Replacing The Pencil Ignition Coils May Turn The Light Of

  •   It can be inconvenient to refill your gas tank, particularly when you thought you had enough gas. Misfires can also be annoying. But before you take your car to the auto shop to see what’s wrong, check the ignition coil. Choosing the best ignition coil ensures you get the best performance out of your car. In this review, we highlight three great ignition coils and tell you what to look for when buying one.

      Benefits of Ignition Coils

      No “Check Engine” light. A bad coil can cause this dashboard light to illuminate. Replacing or upgrading the coil may turn the light off.

      More reliable starting. A worn Pencil Ignition Coils can prevent your engine from starting. Upgraded coils enhance starting capabilities and can help ensure your vehicle starts every time as it should without long crank times.

      Best performance. A broken ignition coil can make your engine run rough, cough, and backfire. These symptoms are caused by cylinder misfires and fouled spark plugs from a bad coil, which leads to a loss of power.

      Better gas mileage. When you install new ignition coils, your engine operates better. An engine that operates better operates more efficiently, which gives you more miles to the gallon.

      Types of Ignition Coils


      This coil is used on a conventional breaker point-type ignition system. This system has been in use since the beginning of the 20th century. Here’s a simplified version of how it works: after electrical current flows into the coil from the battery, the distributor cam opens the points. This breaks the electrical circuit in the coil and then-current flows into the distributor cap and on to the spark plugs.


      The design of this type of coil is very much like the conventional coil. The difference is a two- ignition coil design. This design employs a pick-up coil to signal a control module. The control module then activates the ignition coil. Some of these ignition coils are located in the distributor cap. Manufacturers used this type of coil arrangement often in the 1970s as it produced more reliable engine operation and less pollution.

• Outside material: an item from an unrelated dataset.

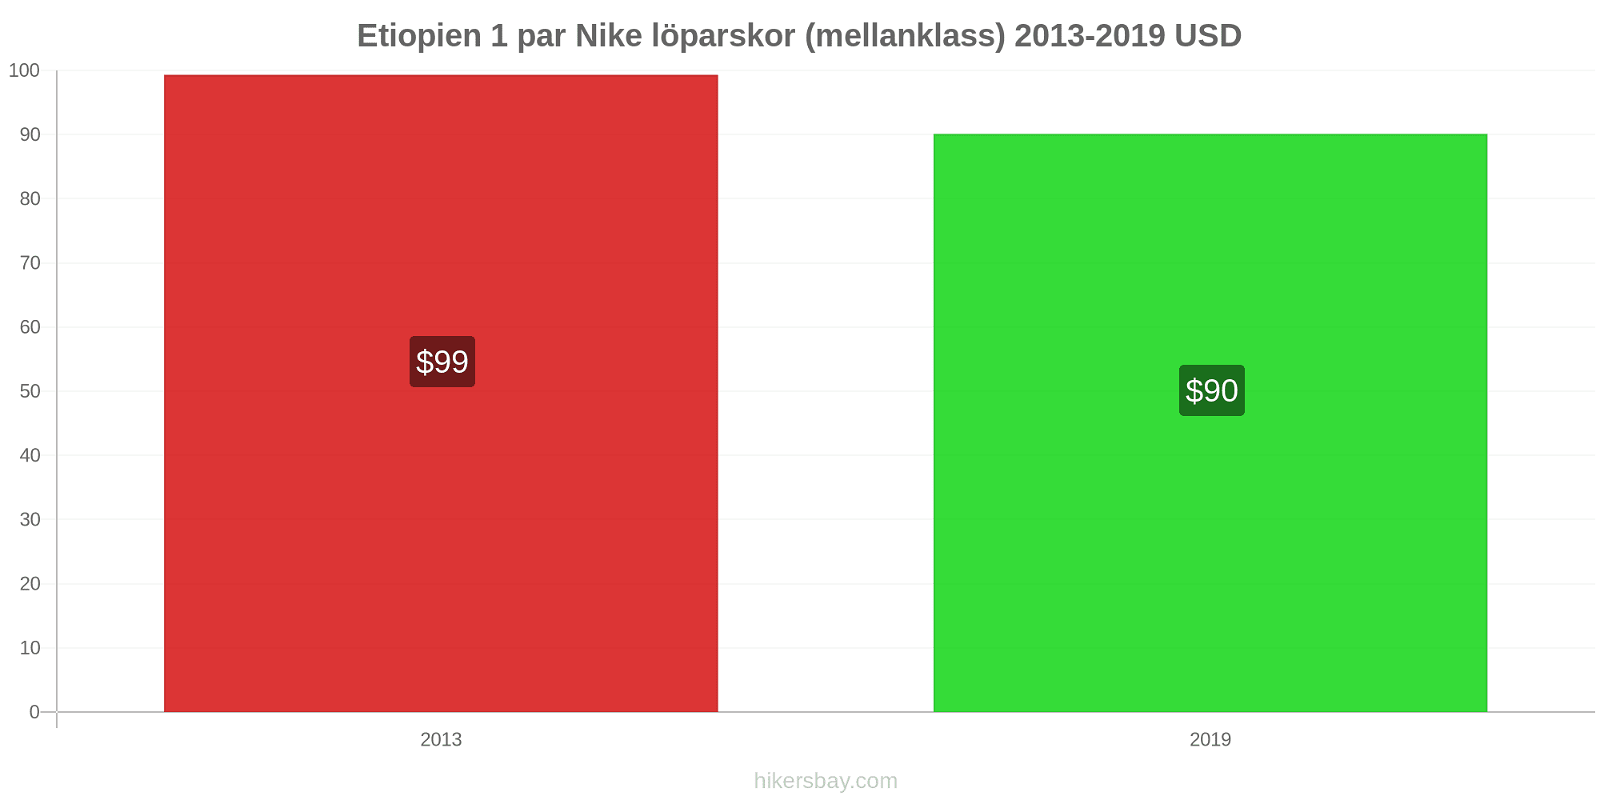 Etiopien prisförändringar 1 par Nike löparskor (mellanklass) hikersbay.com
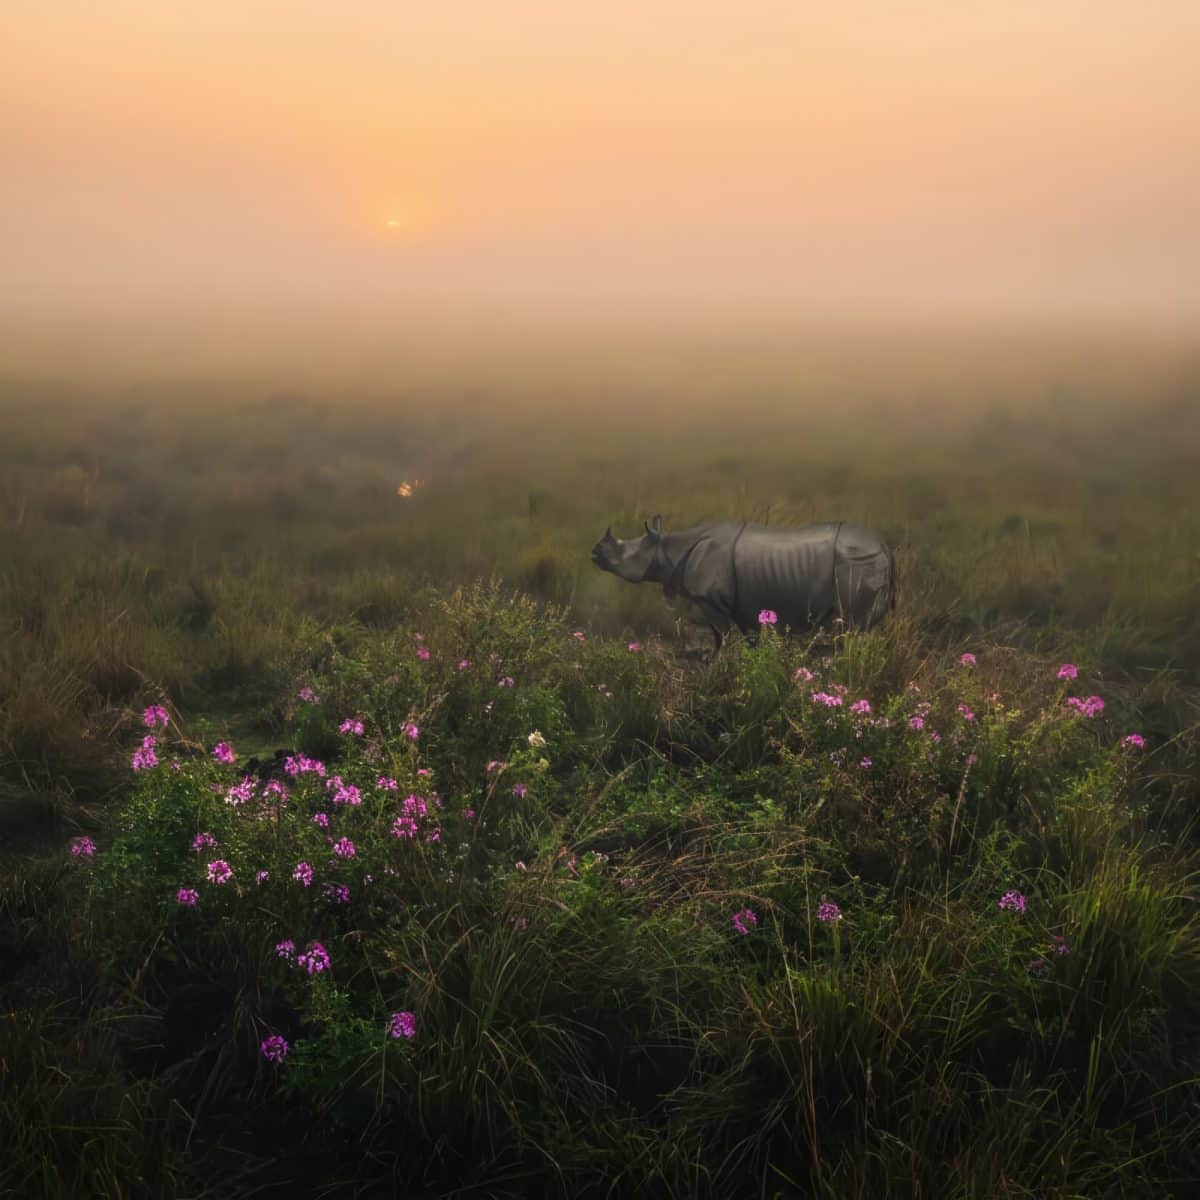 Финалист в категории «Природа и ландшафт»: «Носорог-единорог»  / © Himadri Bhuyan

      Car and truck makers started to employ these ignition coils in the 1980s. The design of the distributorless system allows for more energy to come from the coil (or coils). The configuration mounts three or more ignition coils together in a coil pack. A magnetic triggering device in the system determines the position of the crankshaft and the speed of the engine. The device puts out a signal to the ignition control module which sends a signal to the coil. Each coil fires the spark plug in one or two cylinders. This system eliminates the distributor and fault-prone ignition wires.